What the exercise asks:
Every line below from the one containing "SELECTED FEMME Chino" through the one containing "Screenshot 1 of" must be transcribed exactly. Omit all lines outside that stretch.

Provided entries:
○ ○ ○ ○
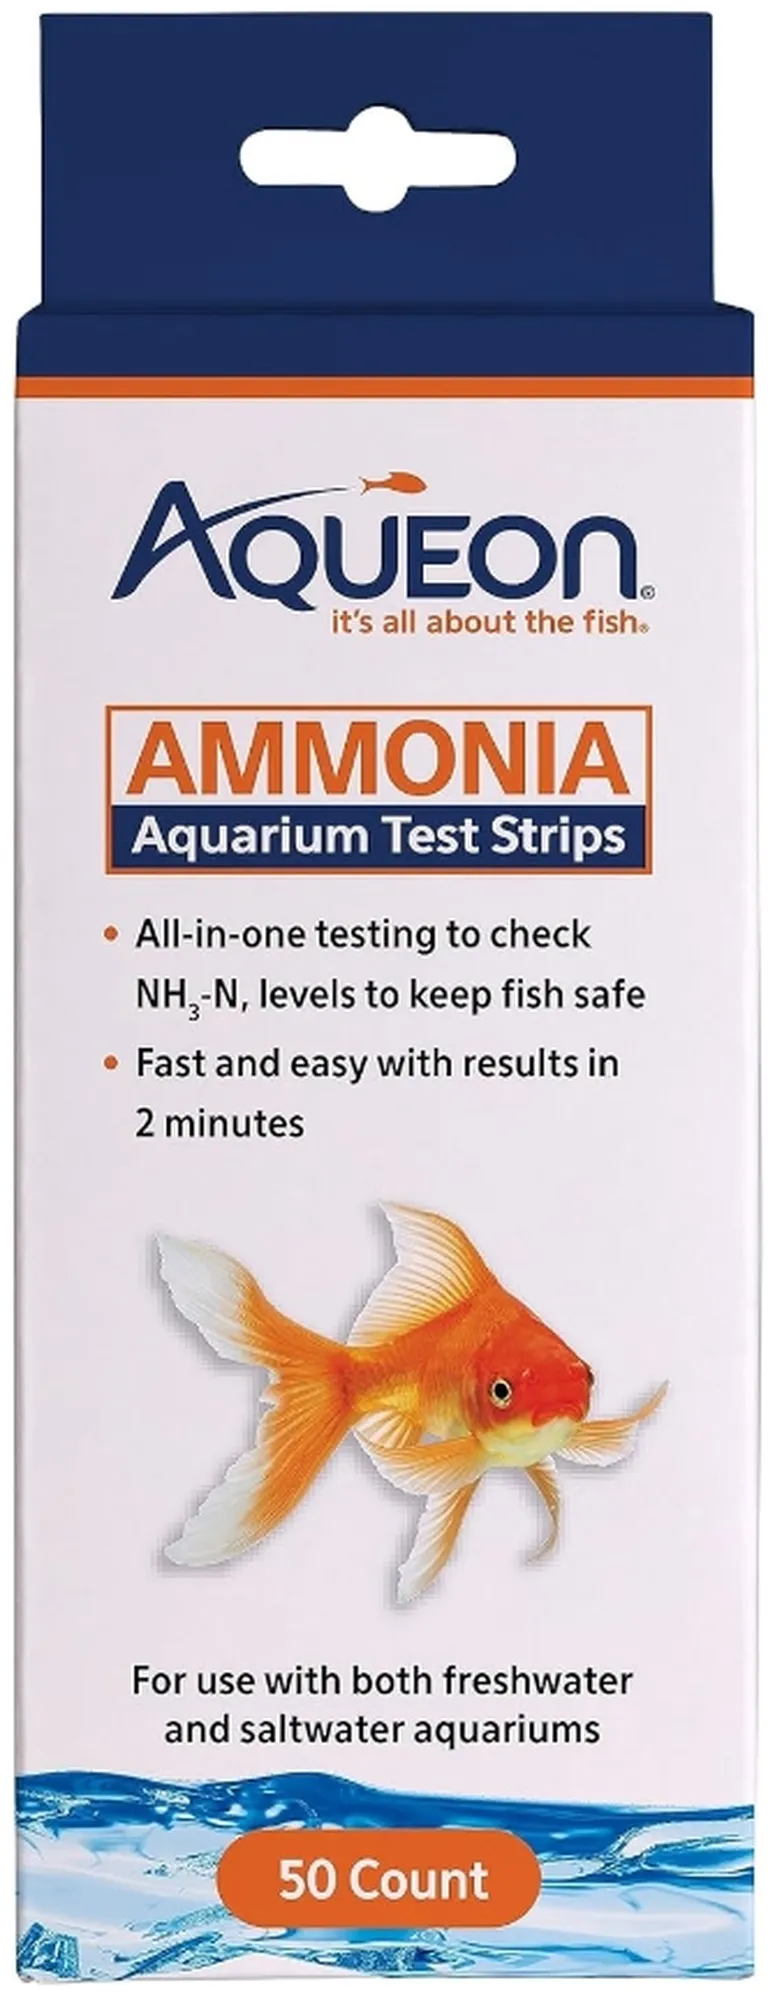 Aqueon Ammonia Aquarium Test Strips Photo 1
○ ○ ○ ○
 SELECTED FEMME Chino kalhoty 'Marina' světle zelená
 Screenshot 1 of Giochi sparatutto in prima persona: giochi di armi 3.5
○ ○ ○ ○
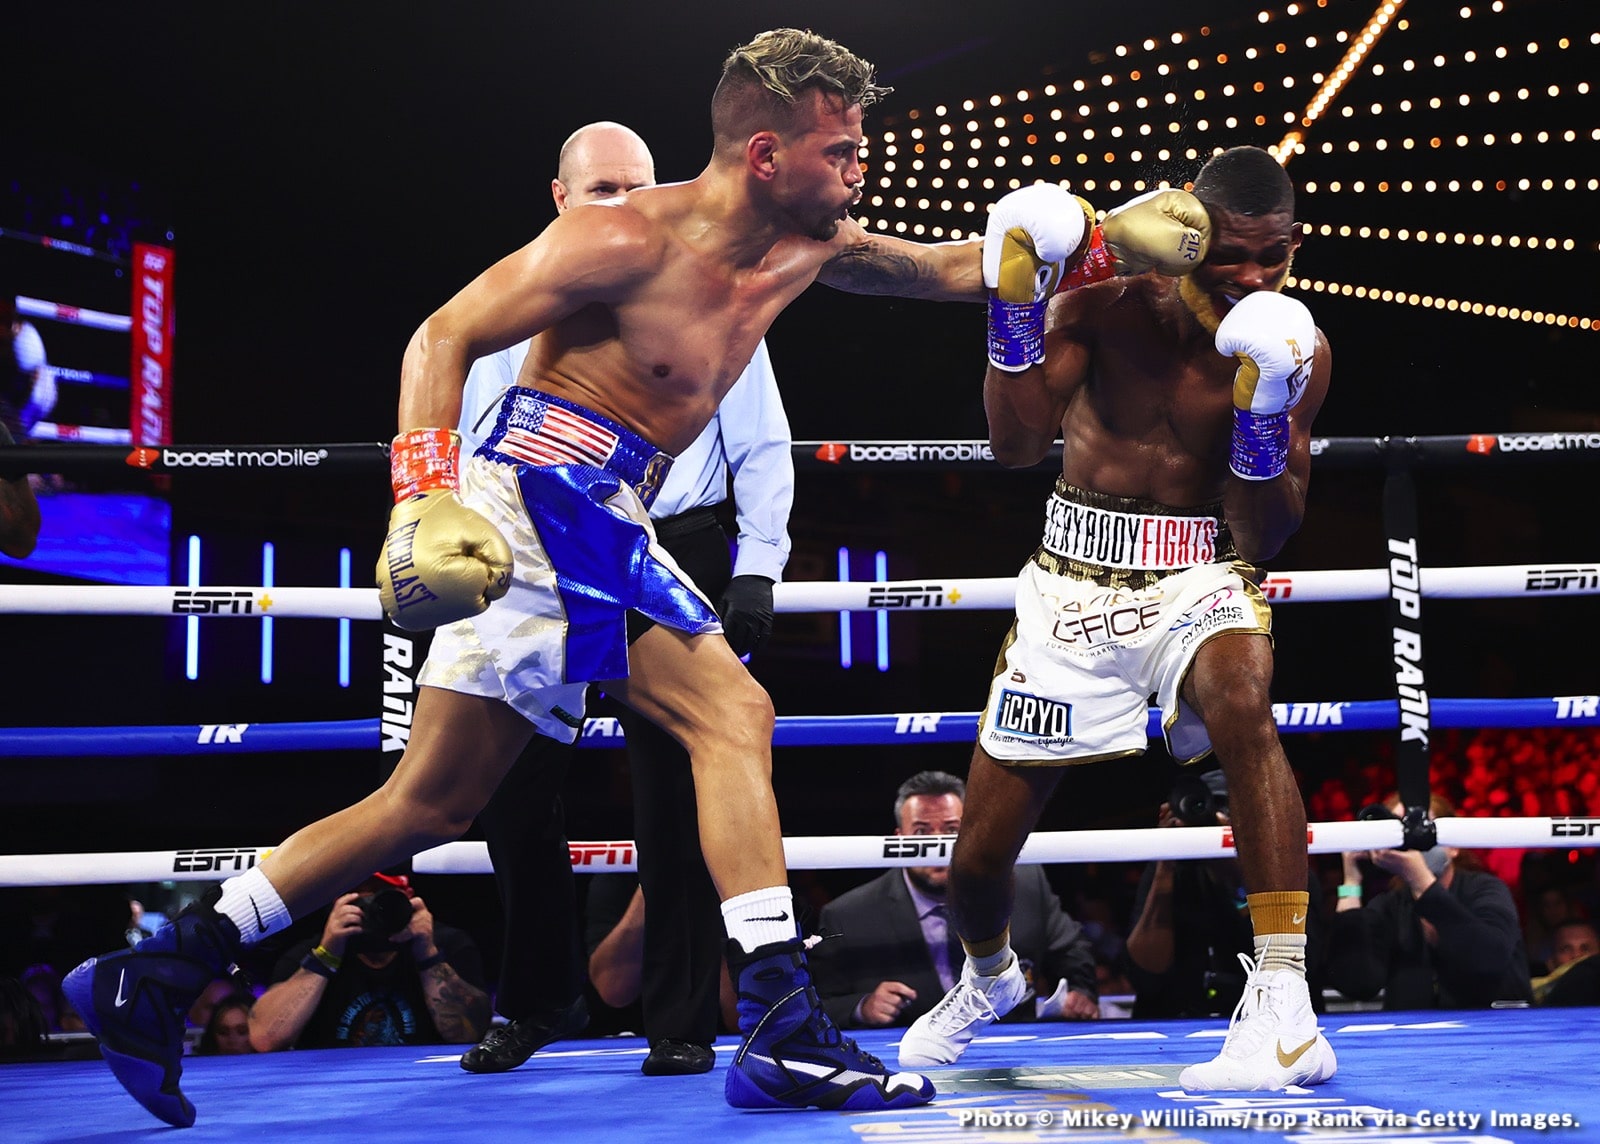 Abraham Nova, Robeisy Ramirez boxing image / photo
○ ○ ○ ○
Output for this task:
 SELECTED FEMME Chino kalhoty 'Marina' světle zelená
 Screenshot 1 of Giochi sparatutto in prima persona: giochi di armi 3.5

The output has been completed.